Increase of intracellular glutathione by low-level NO mediated by transcription factor NF-κB in RAW 264.7 cells

Abstract

The mechanism underlying the elevation of intracellular glutathione (GSH) in RAW 264.7 cells exposed to low concentrations of sodium nitroprusside (SNP), a well-known nitric oxide (NO) donor, was investigated. The peak of intracellular GSH was reached at 6 h after exposure of the cells to SNP (0.1–0.5 mM), and this was preceded by the induction of mRNA for γ-glutamylcysteine synthetase (γ-GCS; the rate-limiting enzyme of de novo GSH synthesis), which peaked at 3 h. N-α-Tosyl- l-phenylalanine chloromethyl ketone (TPCK) and caffeic acid phenethyl ester (CAPE), specific inhibitors of NF-κB, significantly suppressed the SNP-induced elevation of GSH protein and γ-GCS mRNA, while curcumin, an inhibitor of AP-1, was less effective.
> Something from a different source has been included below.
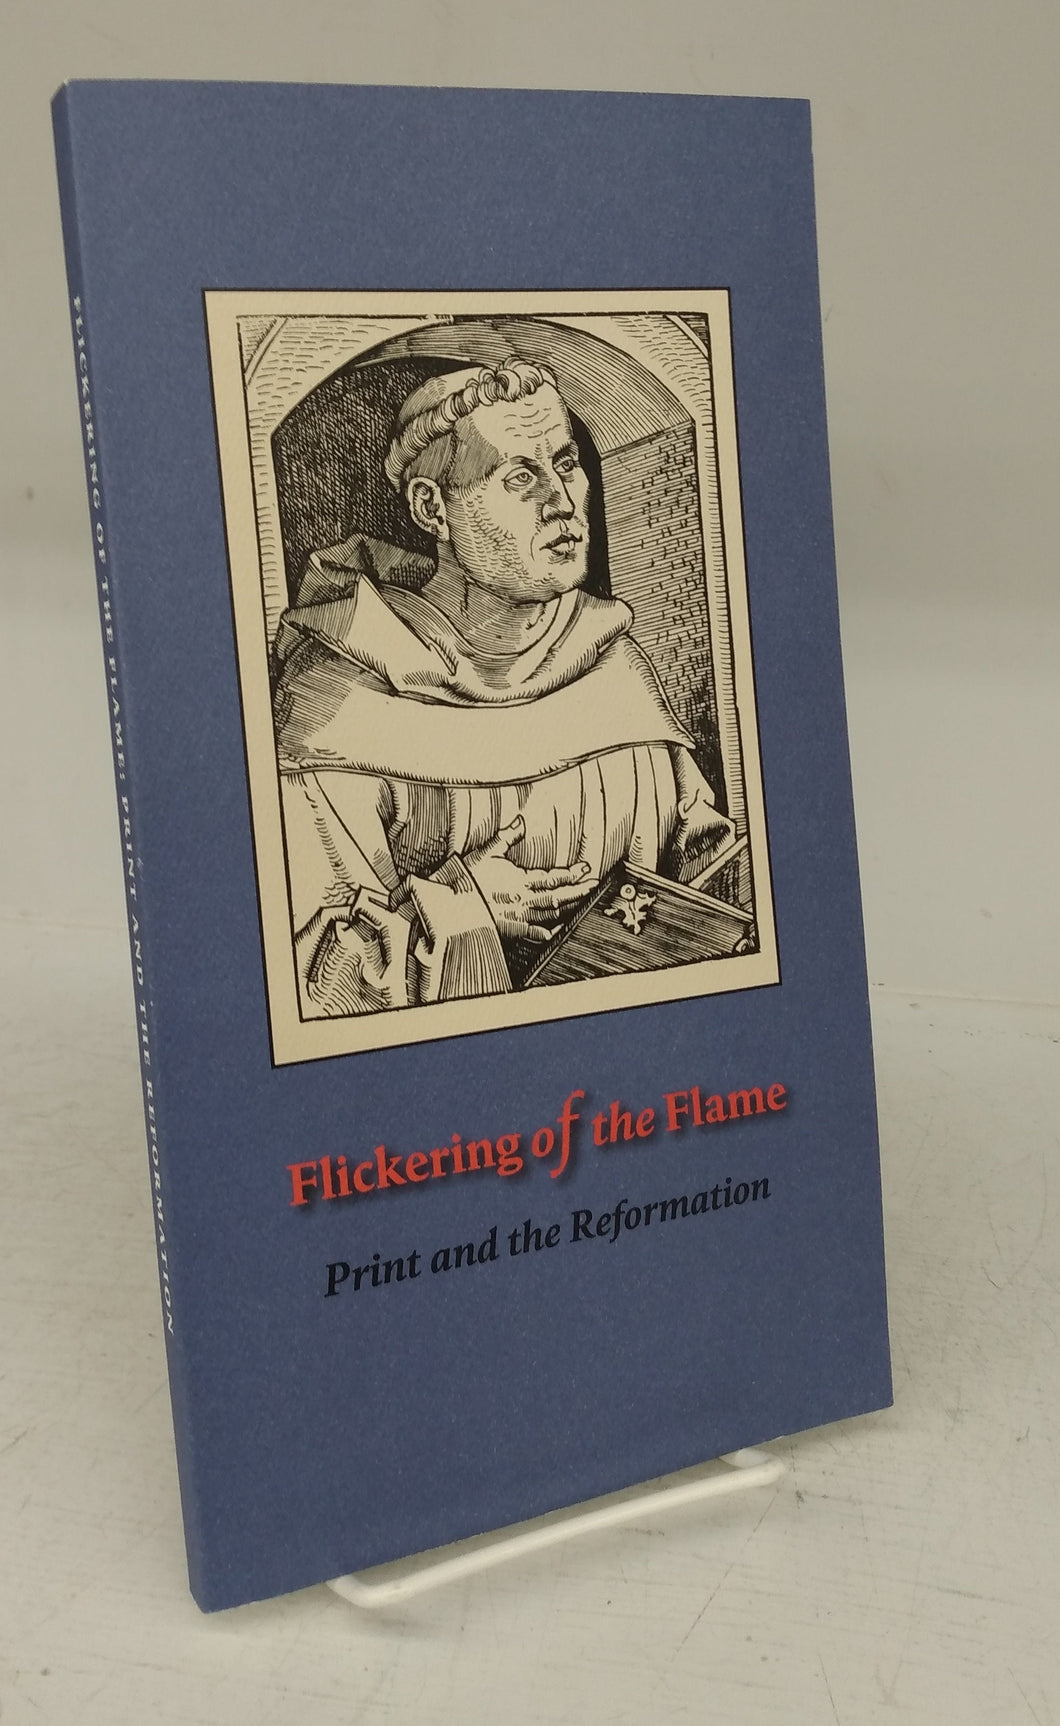 Flickering of the Flame: Print and the Reformation

Electrophoretic mobility shift assay (EMSA) showed that SNP exposure markedly increased the DNA binding of NF-κB, but not that of AP-1. Deletion or mutagenesis of the NF-κB site in the γ-GCS gene promoter abolished the SNP-induced up-regulation of GSH protein and γ-GCS mRNA. These results suggest that the elevation of intracellular GSH in RAW 264.7 cells exposed to low concentrations of SNP occurs through the operation of the de novo GSH pathway, and is mediated by transcriptional up-regulation of the γ-GCS gene, predominantly at the NF-κB binding site in its promoter.